A practical example of what I believe has been a lack of education around storage and storage best practice can be proven through the fact that I believe many VMware users are unaware partition offset alignment. Offset alignment is a best practice that absolutely should be followed, this is not a function or responsibility of VMware but it is an often overlooked best practice - (engineers who grew up in the UNIX world and are familiar with a command strings like “sync;sync;sync” typically align partition offsets but admits who grew up in the Windows world I find often overlook offset alignment unless they are very savvy Exchange or SQL performance gurus). Windows users have become accustomed to portioning using disk manager from which it is not possible to align offsets, diskpar must be used to partition and align offsets.
I would be interested in some feedback on how many VMware / Windows users did not do this during their VMware configuration of Windows VM install? Be honest! If you are not using disk par to create partitions and align offsets it means that we need to do a better job educating.
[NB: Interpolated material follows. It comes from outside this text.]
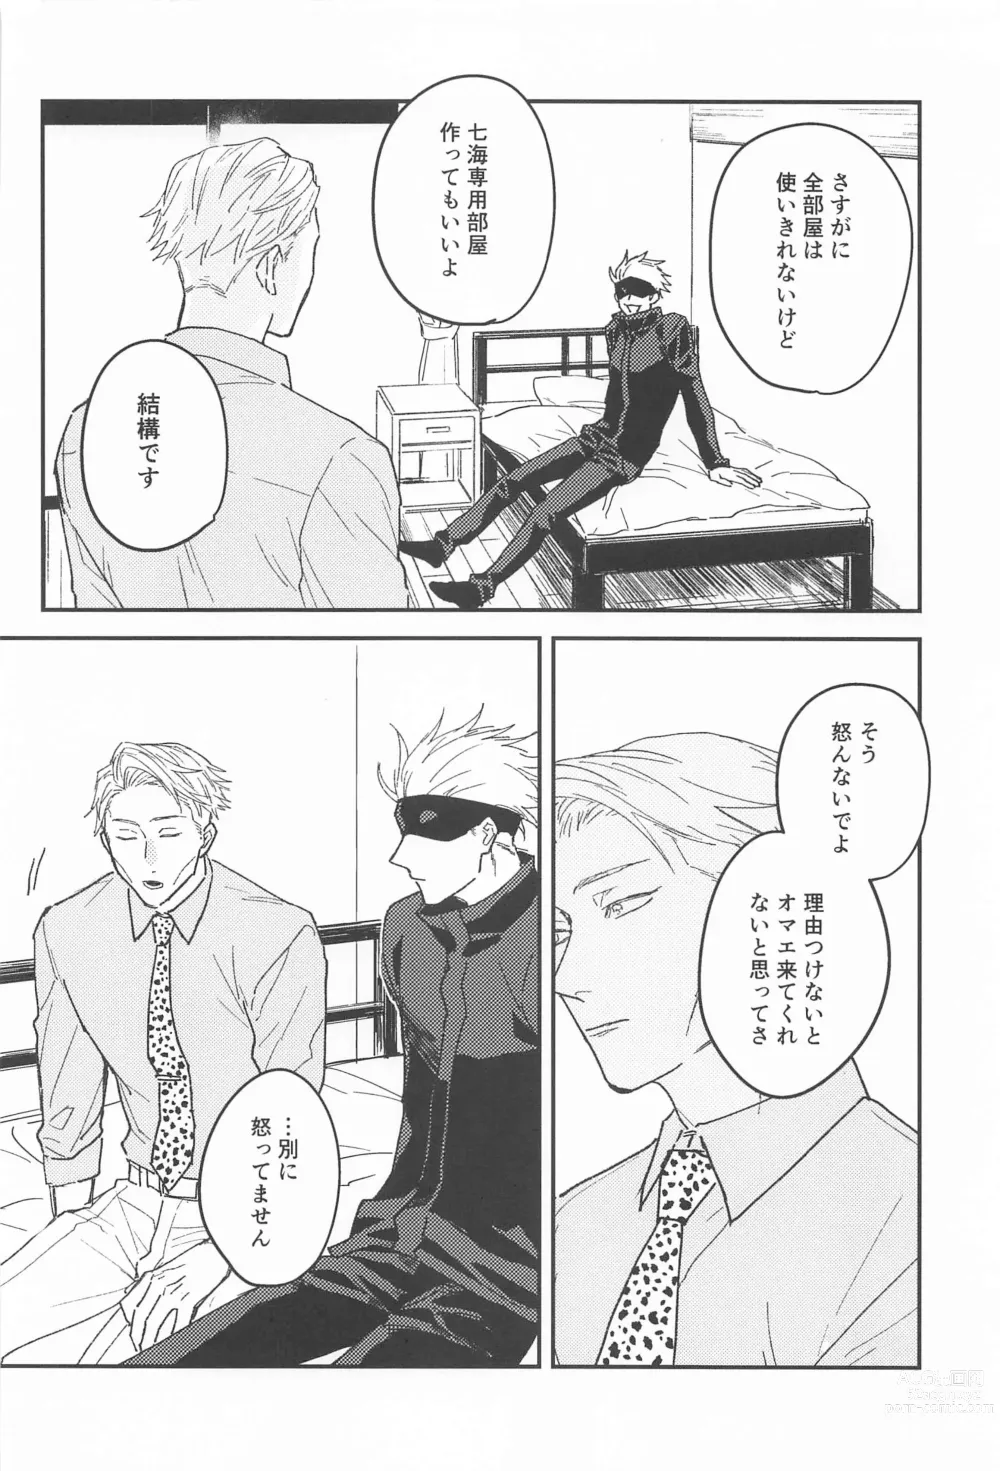 Page 7 of doujinshi 10years

[Update: a commenter asked for more clarification of what in the world we're talking about. The definitive guide is Recommendations for Aligning VMFS Partitions, and the short answer is that you're fine as long as you're using VMware Infrastructure 3's VirtualCenter or the VI Client to create your VMFS partitions on your SAN. I blogged about this earlier and pointed to a nice article with some clarifying diagrams.]

Umm... let's just say you need to do a better job educating. No idea what any of this means, and I've installed dozens of ESX farms.
Posted by: Lock | December 09, 2006 at 09:35 AM
With ESX3, I understand that partioning alignment has gone away. Are you suggesting this is not the case, and that with ESX 3 we still need to align our partitions?
Posted by: Rob | December 09, 2006 at 04:39 PM
You still need to align the boot partition of the guest OS, along with any data partition. The alignment that is done with the VC gui is only the vmfs partition.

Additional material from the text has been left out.